■ EXERCISE REQUIREMENTS: Within the listing below, the lines to output run from the one containing "Tennis WTA Wimbledon" through the one containing "Claessens Linen #166"; copy them exactly and nothing else.

■ DATA SUPPLIED:
◆ ◆ ◆ ◆ ◆ ◆ ◆
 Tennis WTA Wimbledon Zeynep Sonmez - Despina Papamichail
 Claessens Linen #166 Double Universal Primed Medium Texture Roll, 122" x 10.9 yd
◆ ◆ ◆ ◆ ◆ ◆ ◆
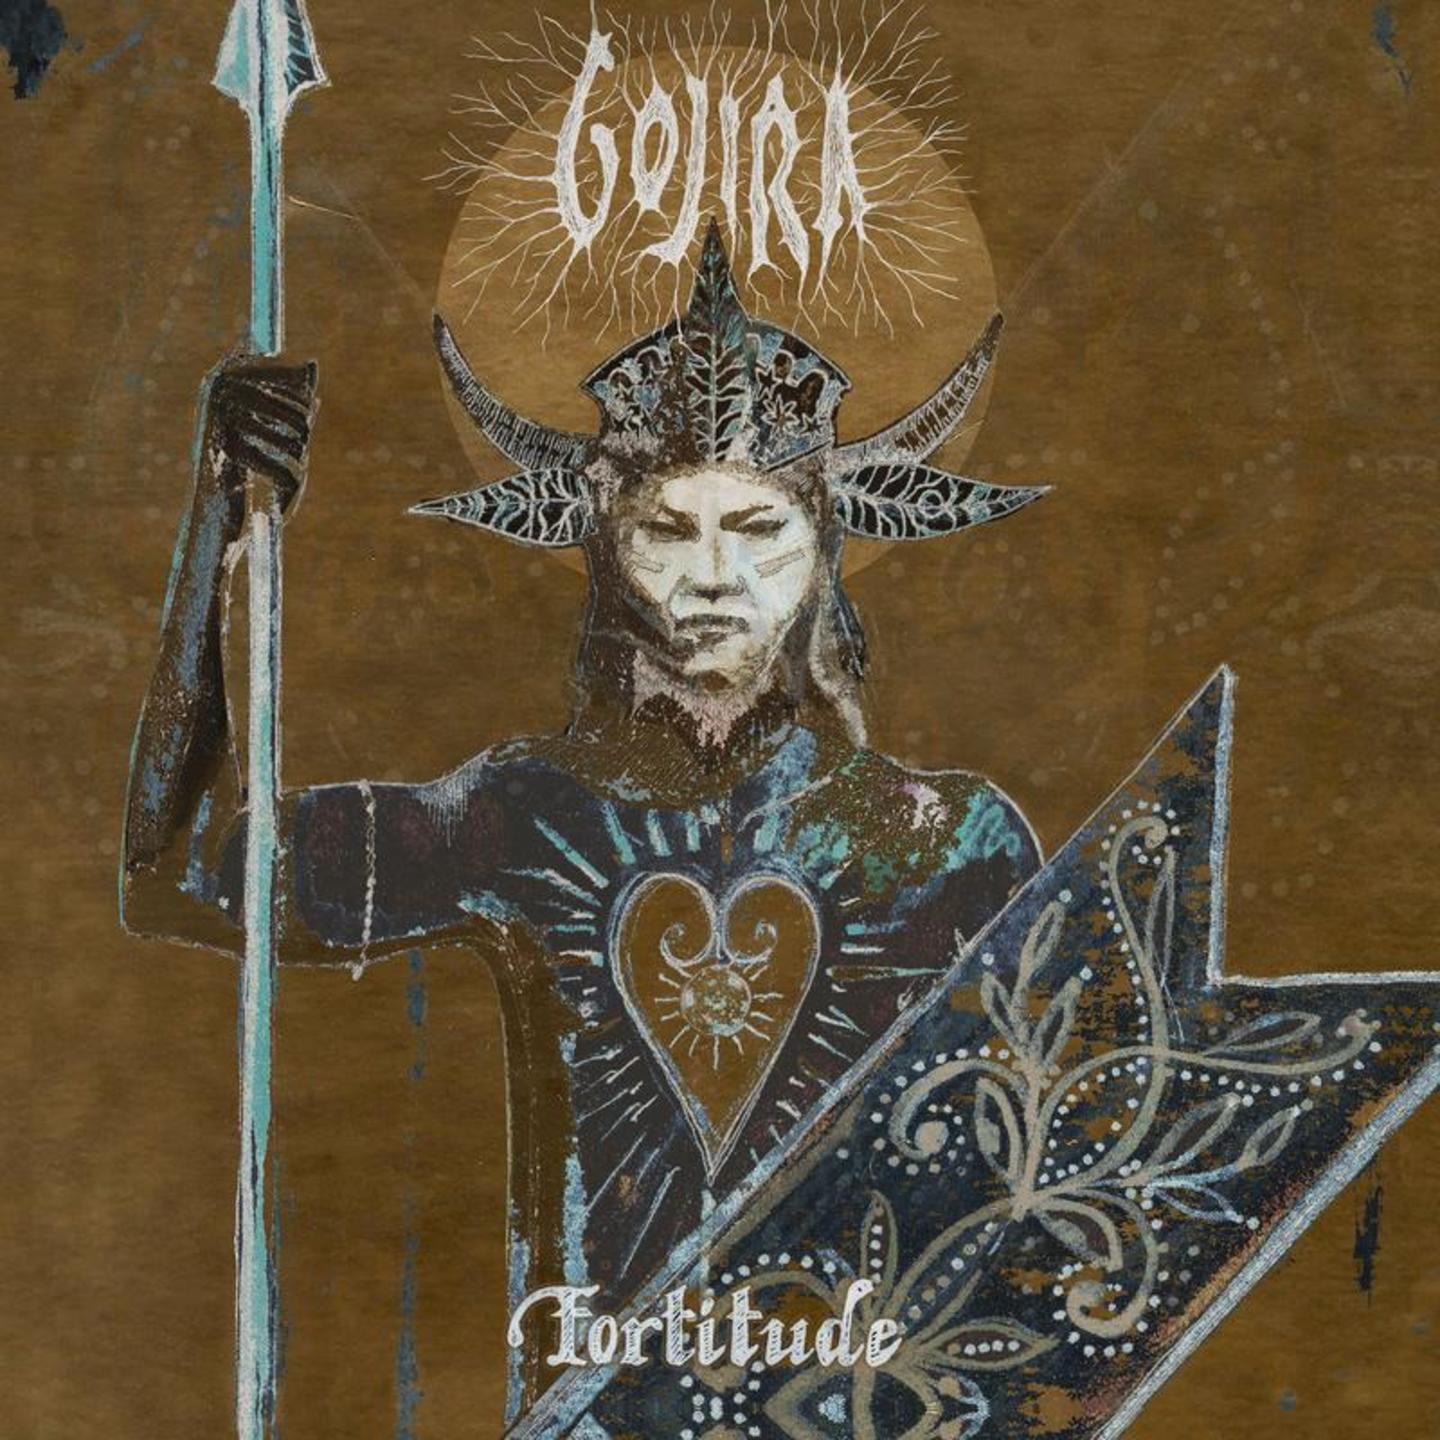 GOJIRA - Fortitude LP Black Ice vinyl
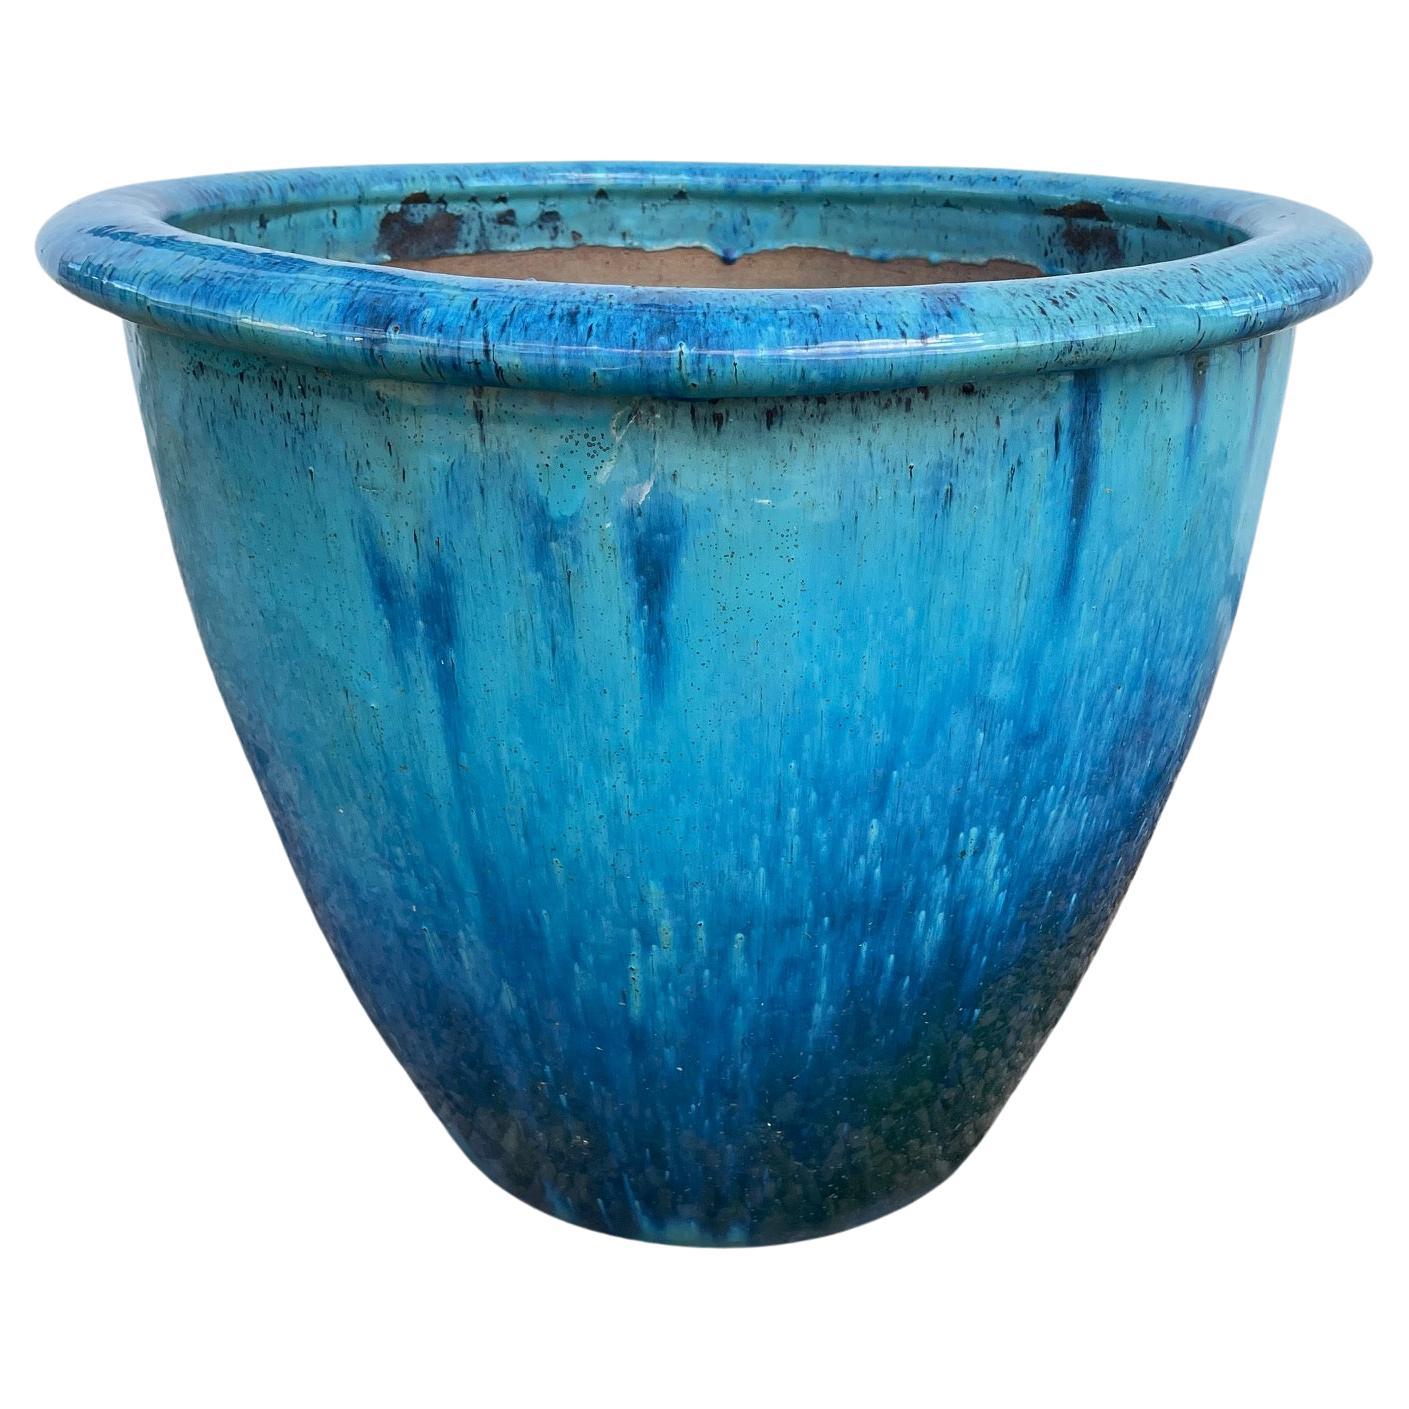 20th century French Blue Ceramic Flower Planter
◆ ◆ ◆ ◆ ◆ ◆ ◆
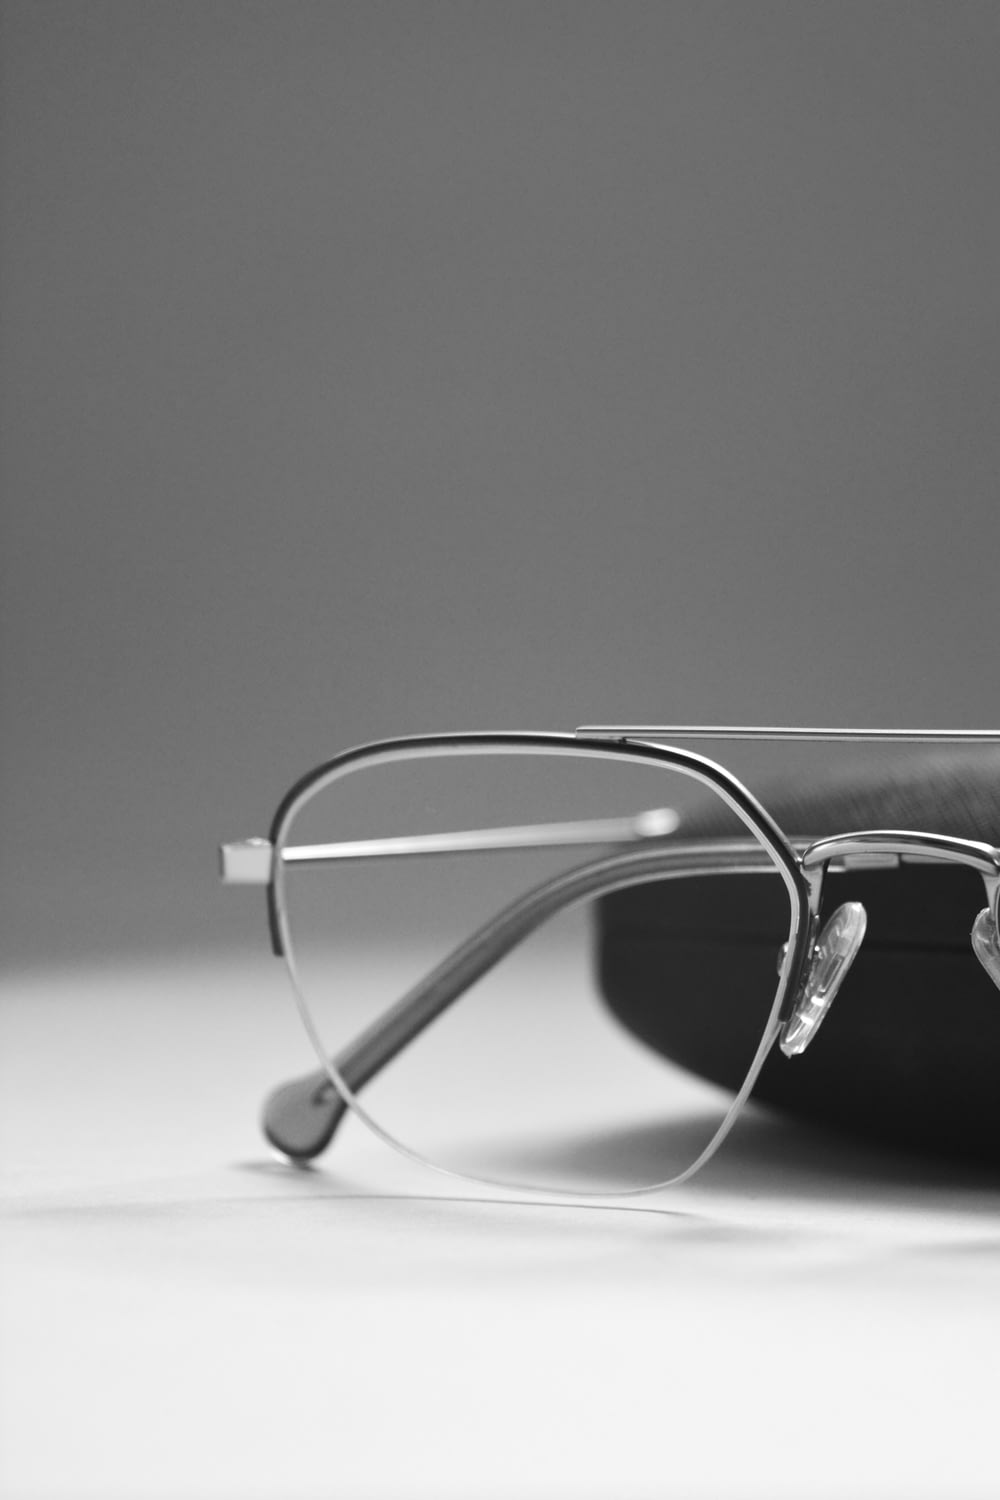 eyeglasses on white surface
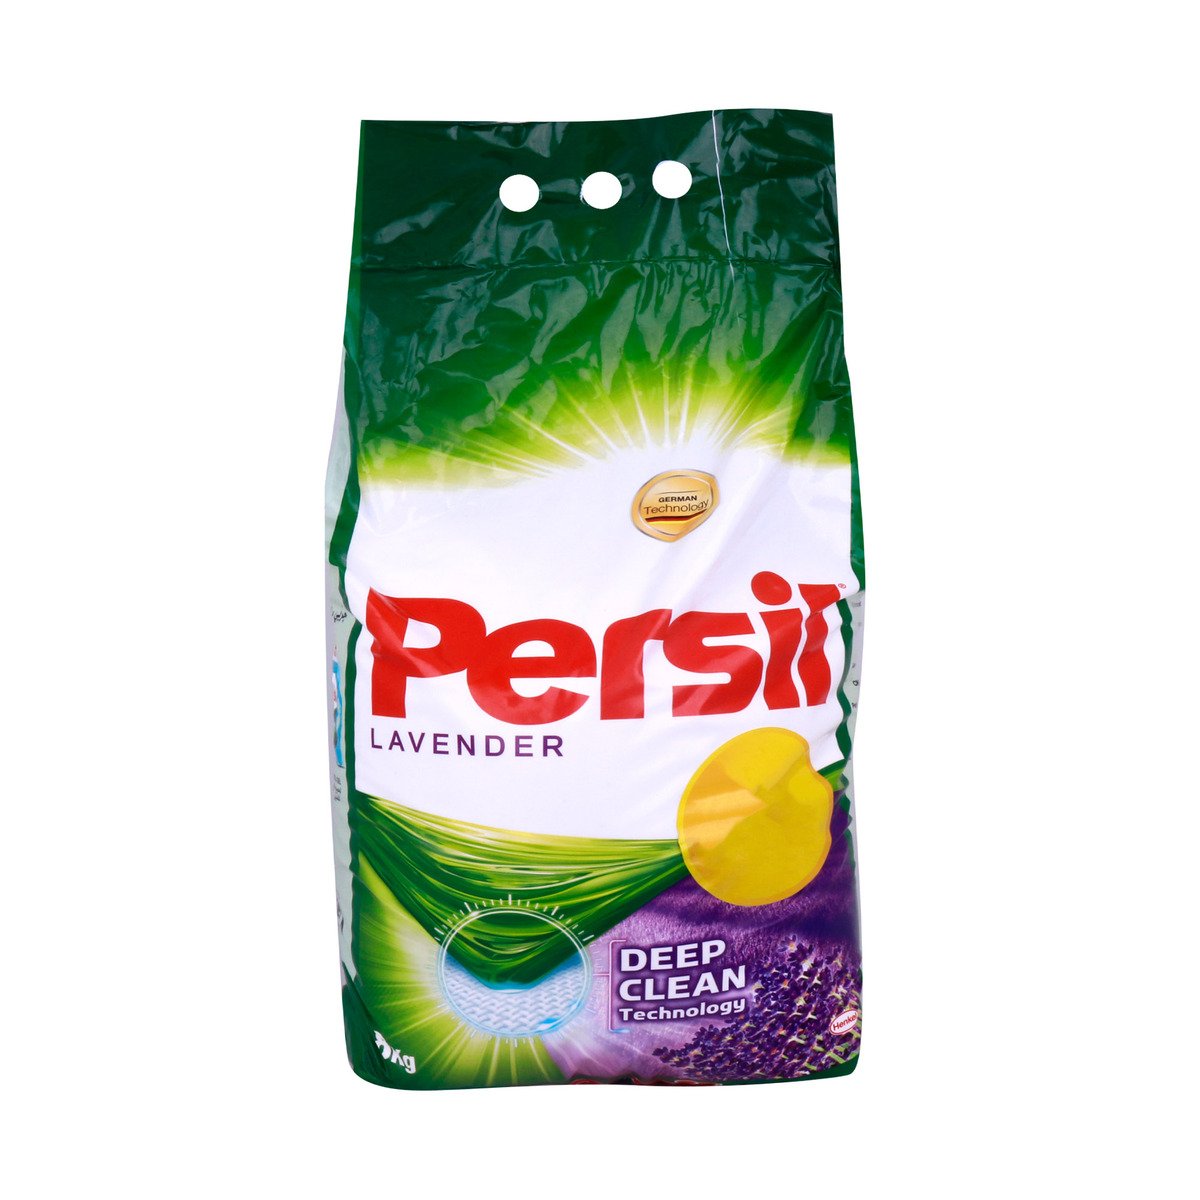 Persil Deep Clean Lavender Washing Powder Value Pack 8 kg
◆ ◆ ◆ ◆ ◆ ◆ ◆
■ YOUR SOLUTION:
 Tennis WTA Wimbledon Zeynep Sonmez - Despina Papamichail
 Claessens Linen #166 Double Universal Primed Medium Texture Roll, 122" x 10.9 yd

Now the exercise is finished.